David’s father, John, bought his first prime mover and trailer in 1977 at a time when owning an on-farm semi was uncommon. Since then, the Lindner’s have built up to include a flat topped trailer used for carting wool and general freight, a stock crate, a low loader to cart plant and equipment around the place, a tanker used in drought, for problems with bores or pipes or for fire, and a tipper. These five trailers and their respective equipment service most of the needs around the property.”

David says that whilst the truck doesn’t do a lot of miles on the road – it does many hours, and enables them to respond to issues immediately.

“There are not many weeks when it doesn’t get used, and in the early days before my brother and I came home to the farm, it allowed dad to do most of the work on his own” said David.

Their innovative semi-system has also meant that they are self sufficient in terms of freight which results in cost savings, and the ability to do things when they want or need to (rather than when a carrier is available). This gives them the ability to make quick decisions, take advantage of available markets and can assist in better presentation of stock at market.

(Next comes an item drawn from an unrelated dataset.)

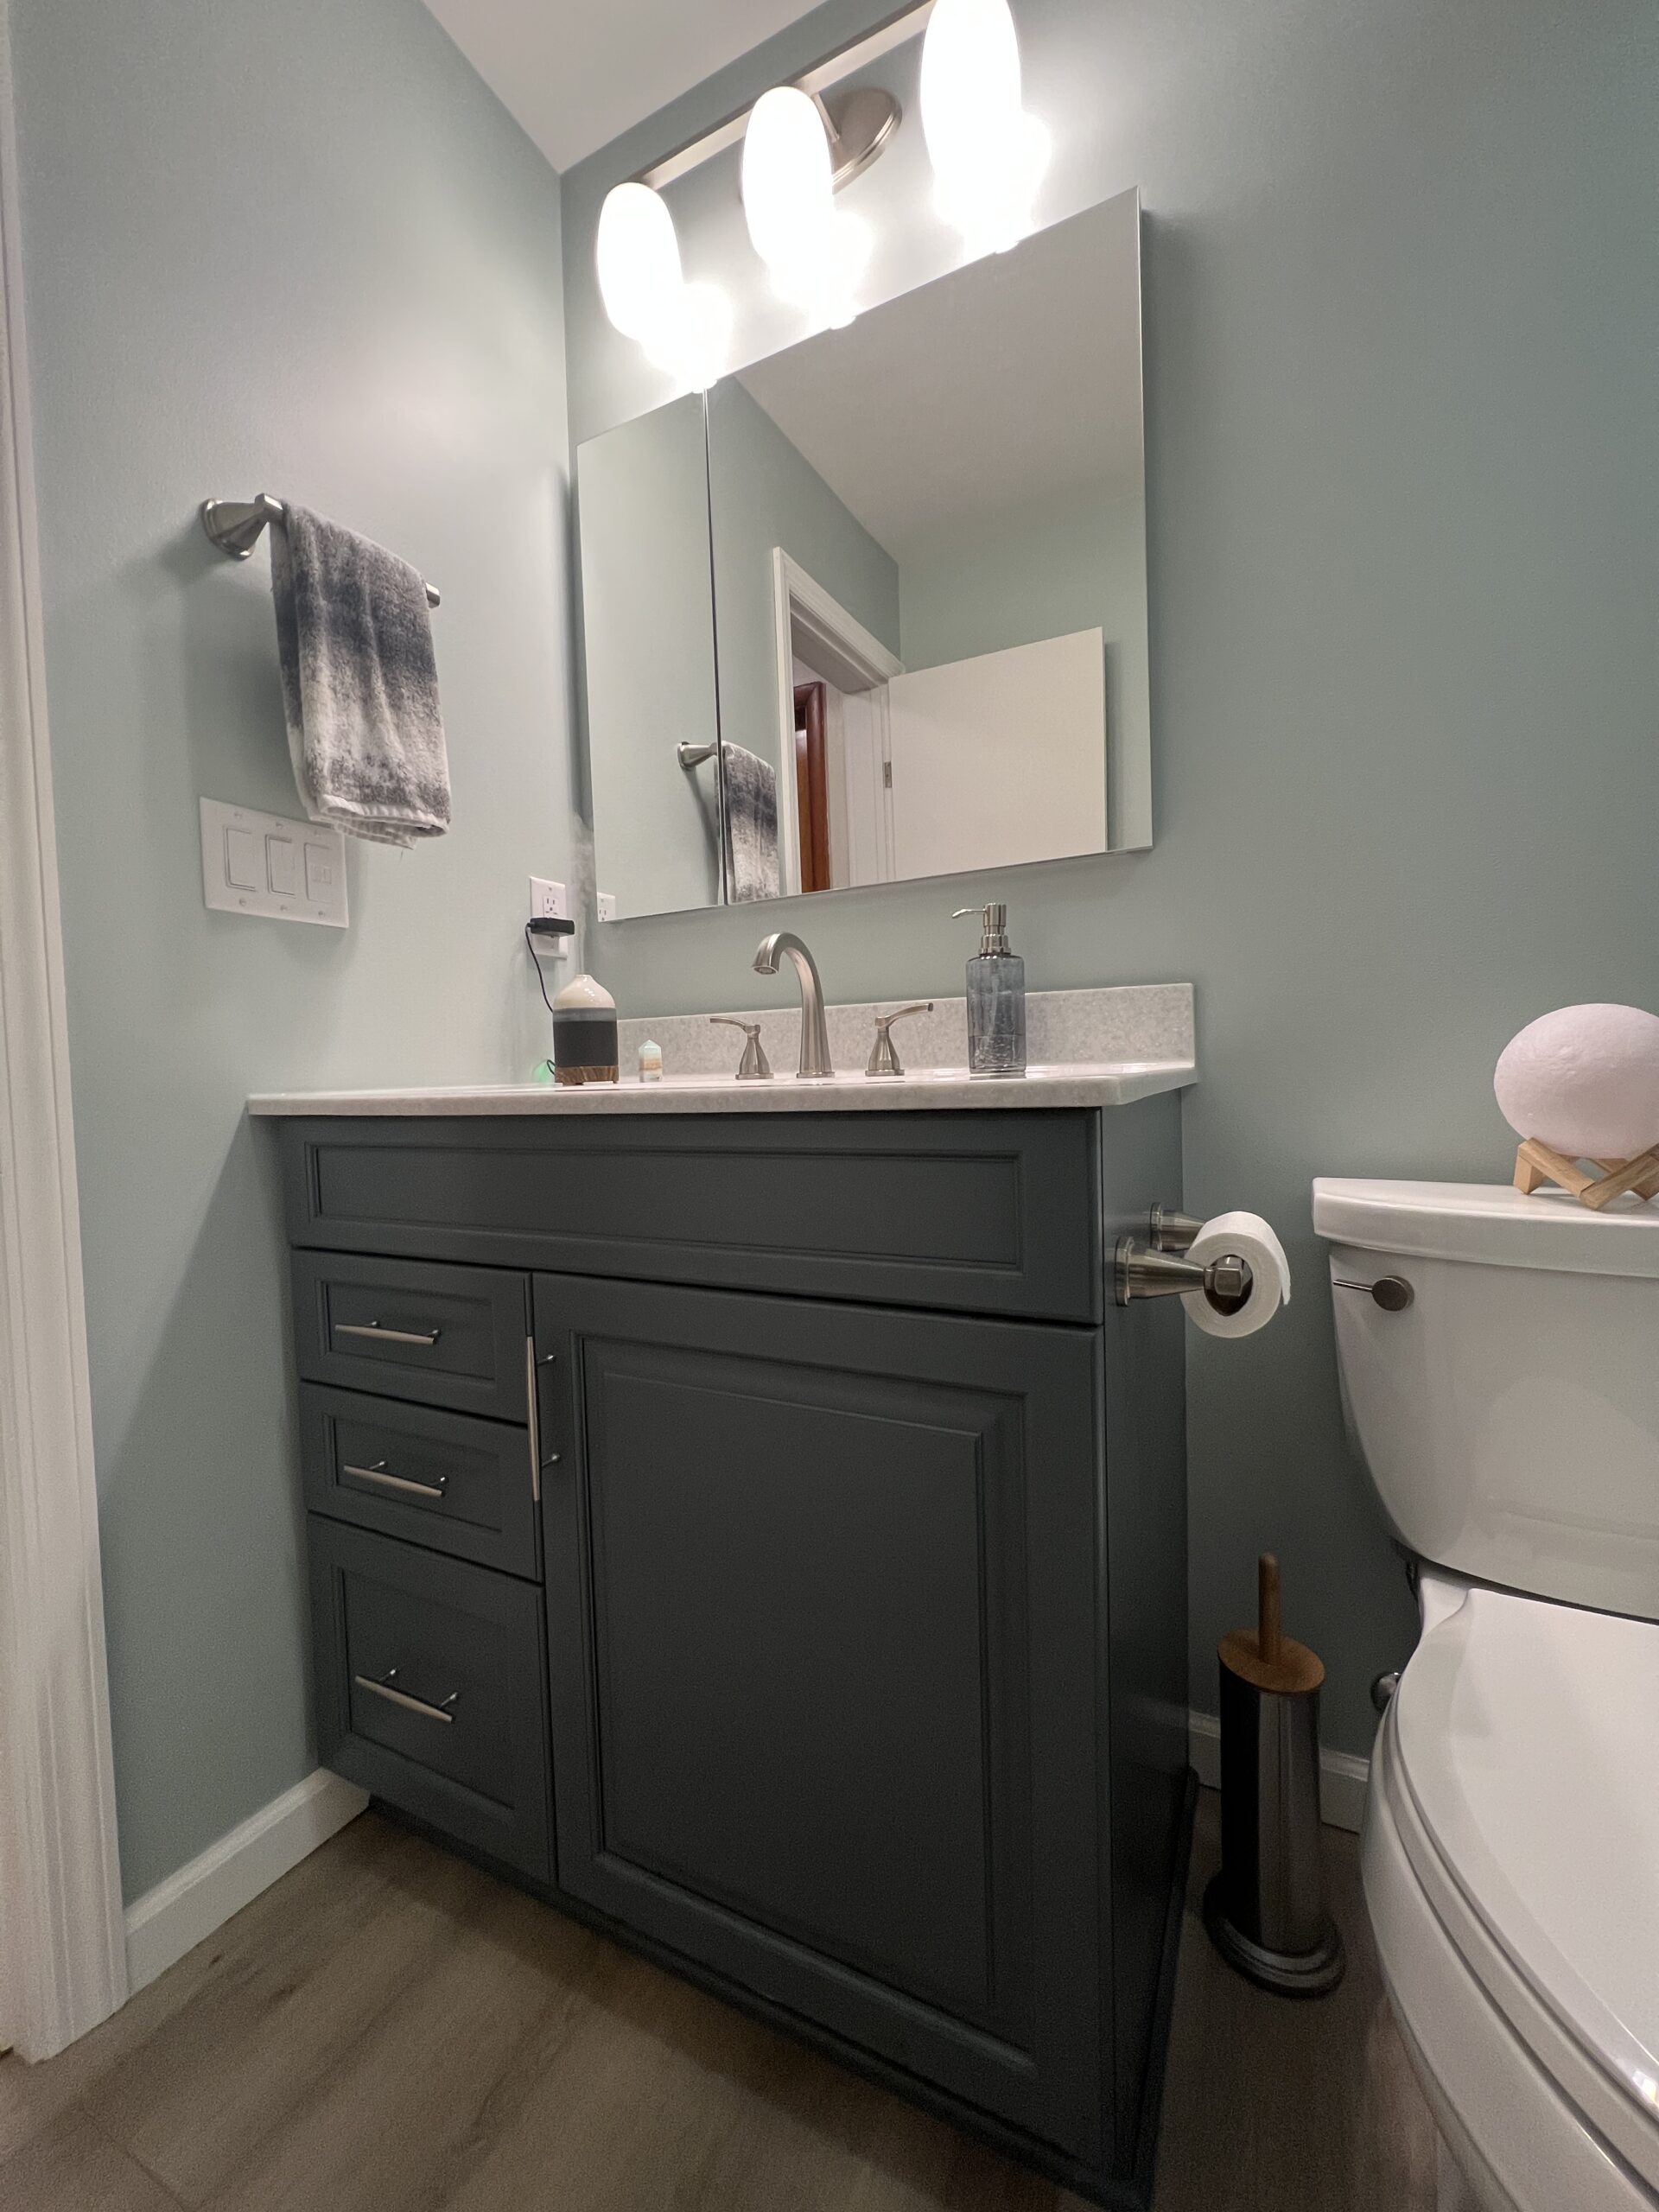 Modern green bathroom, small single single sink, dark cabinet storage, white marble countertop sink toilet

The Lindner’s also use the system with the stock crate at shearing time which enables them to truck shorn sheep back to their paddock on the day they are shorn. This takes pressure off the holding paddocks.

“Our property is 53,000 hectares, and approximately 50 kilometres from one side to the other” said David. “Using the semi system we can get them back in their paddock that night, and because they are not walking, we are not putting additional stress on the ewes which are sometimes only three weeks off lambing, and we don’t need 2 or 3 extra workman to do it.”

David says that as a family business tackling obstacles and overcoming them is part and parcel of the innovation process, and sometimes it is about recognising and using individual talents to best advantage.

“We are practical, hands-on people – and that makes a difference in the way we think about things” said David.

Following a succession of poor seasons, David says that the business is currently in a consolidation phase.

“For now, we will keep doing what we are doing – and improving what we are doing by incorporating technology that will assist” David said. “I think efficiency creates money and if you are really efficient without down time then you can feel you have done the best you could.”